= Hydrospace =

The Hydrospace is the world's first four-stroke stand-up jet ski, or personal watercraft. It was introduced in October 2005 by Hydrospace. In 2007, Hydrospace changed their name to HSR-Benelli following the acquisition of Benelli Motori (related to, but unaffiliated with, Benelli shotguns or Benelli motorcycles).

The company originated in Pöchlarn, Austria, with sales networks worldwide. The Hydrospace is a single-passenger stand-up watercraft which was designed primarily for racing. Until 2008, the only model offered was the "Hydrospace S4", with a retail price of around US$15,000.

The S4 is powered by a two-cylinder water-cooled four-stroke engine with a displacement of 749cc, rated at 110 horsepower. The engine is equipped with a turbocharger from the factory, operating at 7.7 pounds per square inch of boost. The engine uses 91 US octane minimum gasoline.

The S4 has a dry weight of 370 lb, making it the second-heaviest stand-up ever made, second only to Sea-doo's 3D which had a dry weight of 580 lb. As of the October 2016 unveiling of the Kawasaki SXR1500 at 550 lb, the S4 is now the third-heaviest stand-up.
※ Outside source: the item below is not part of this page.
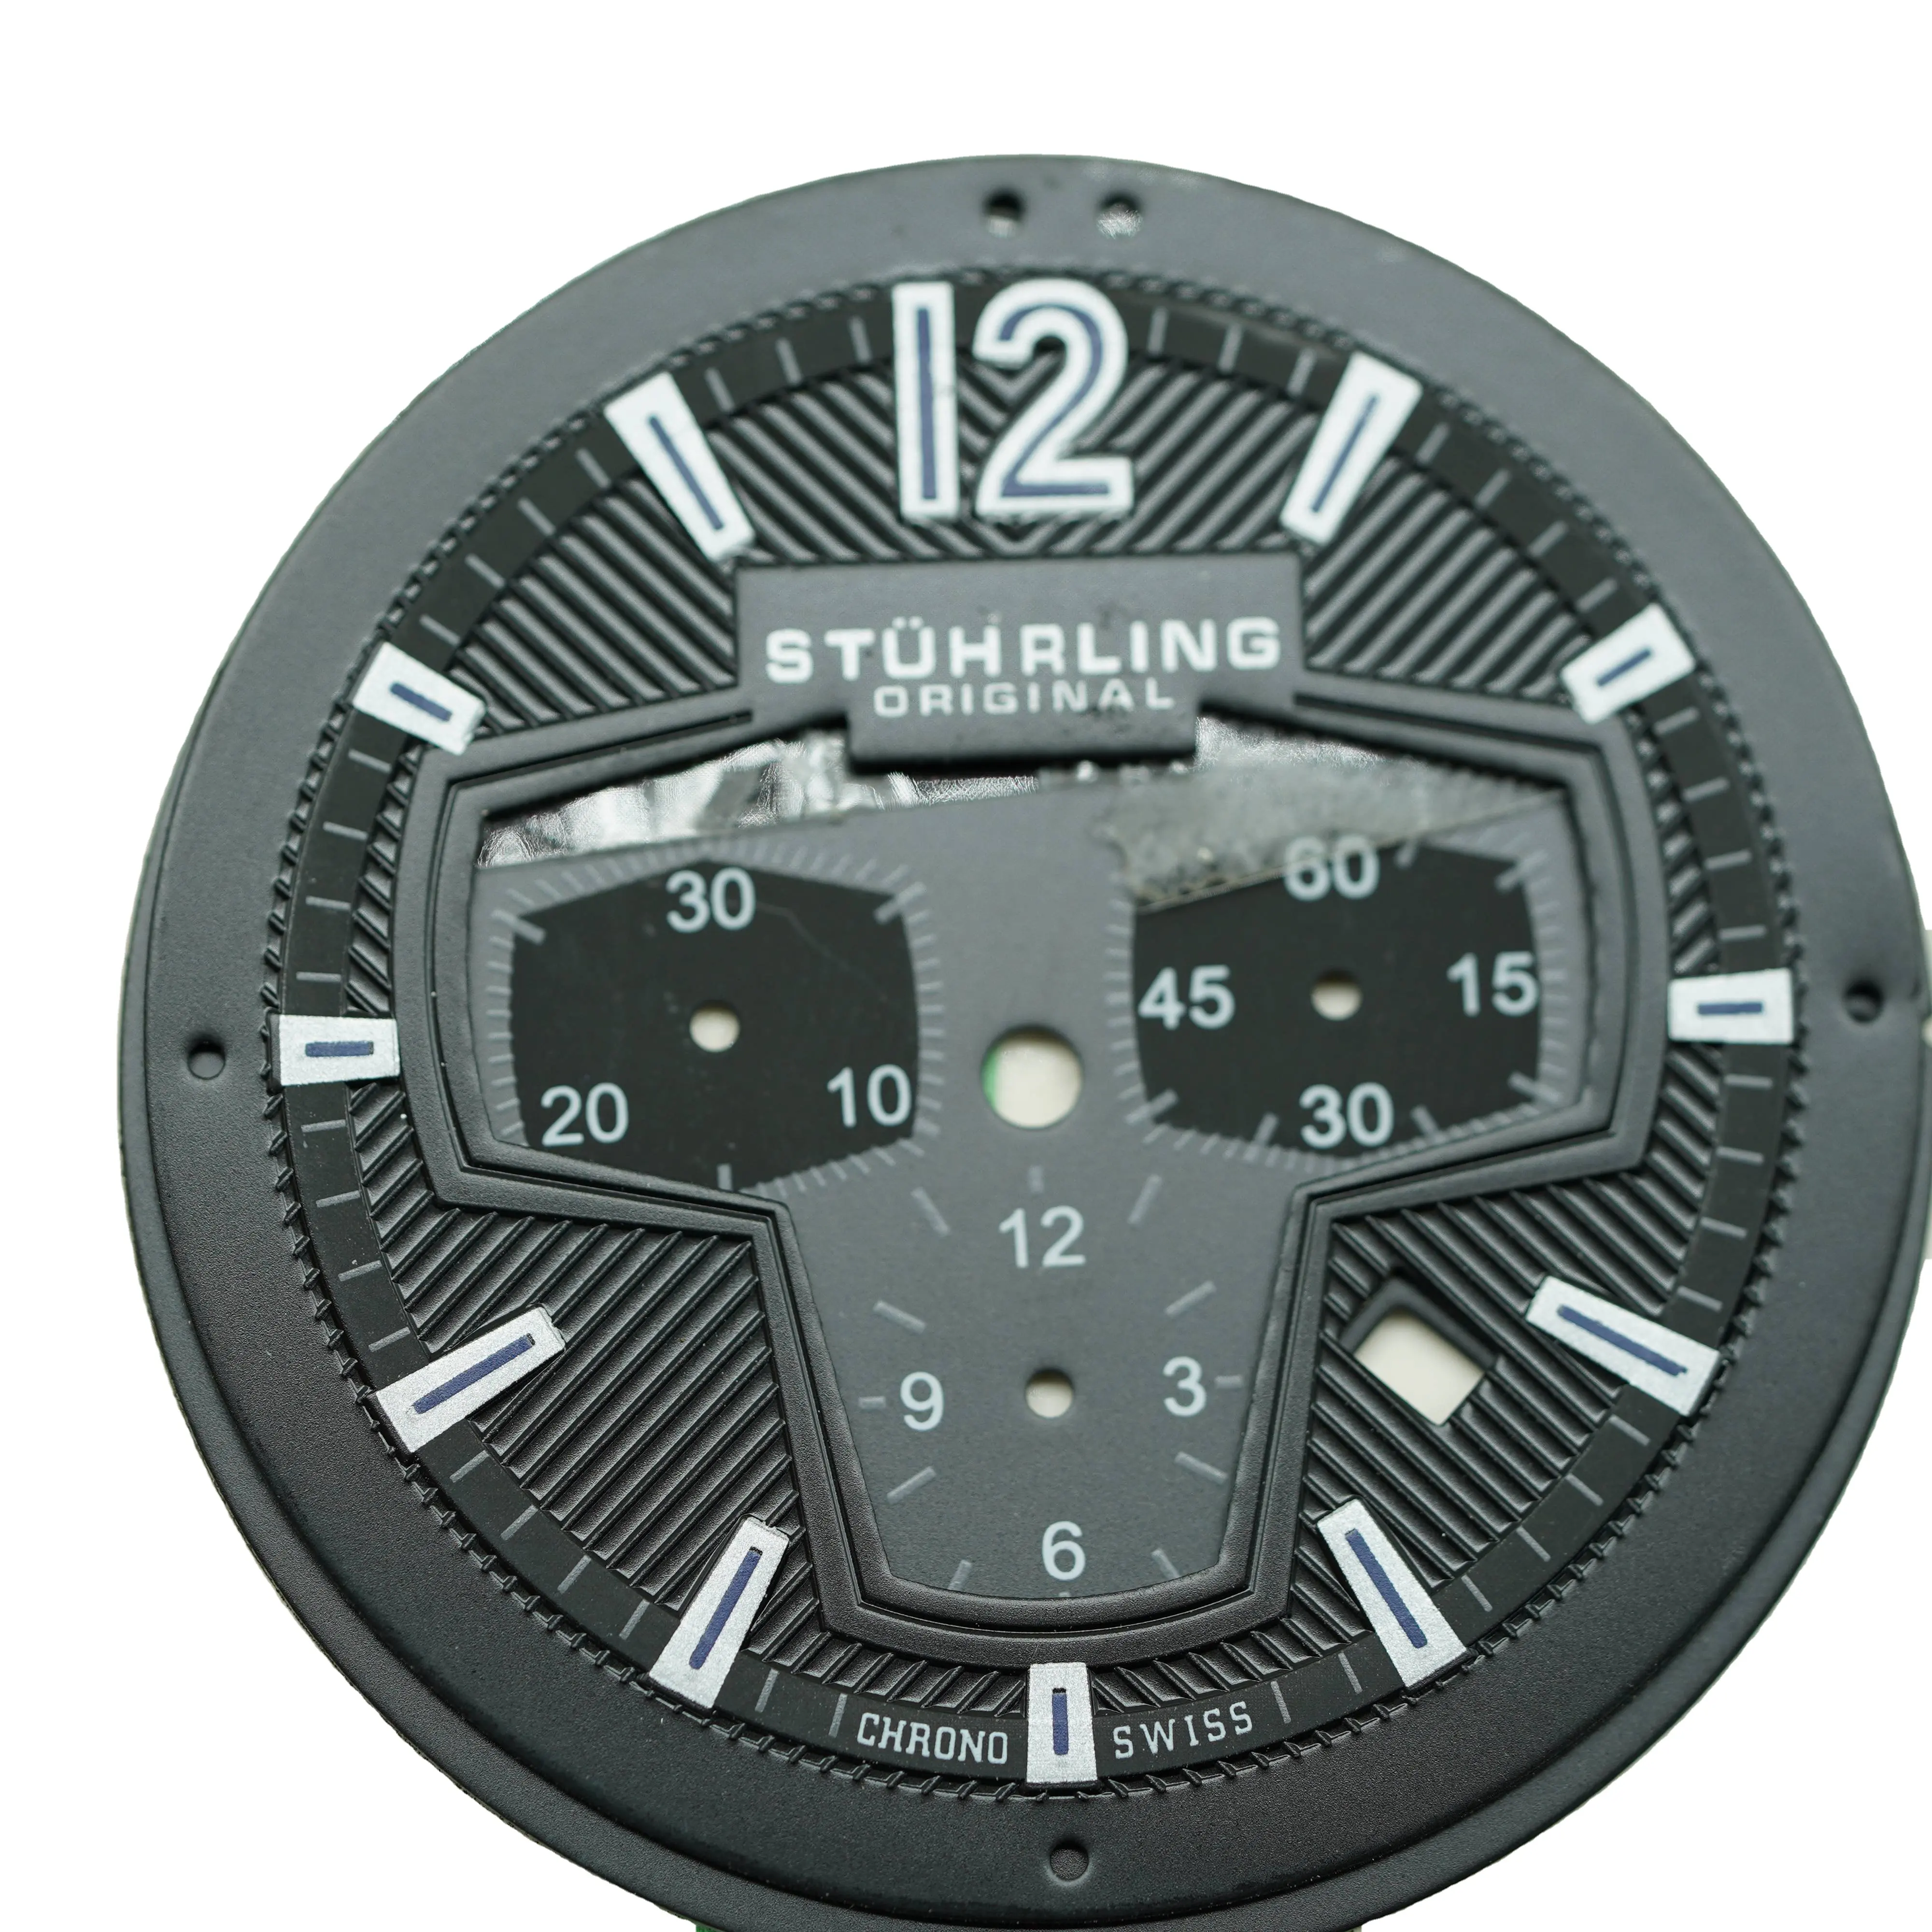 หน้าปัดนาฬิกา29มม. ใส่ชิ้นส่วนพอดีสำหรับ Nh35/Nh36การเคลื่อนไหวอัตโนมัติสำหรับนาฬิกาสีเขียวอุปกรณ์ส่องสว่าง

Although touted as being the most advanced stand-up ever manufactured, the S4 has been plagued with problems. They have, however, been resolved over the years. In 2008, the newly formed HSR-Benelli released additional models of personal watercraft, including a new runabout model.

HSR-Benelli has succeeded in winning several World Championship titles since 2006. In December, HSR-Benelli changed its name to Benelli srl, moved to Pesaro in Italy and is working on a new generation of PWCs which will be available for 2012.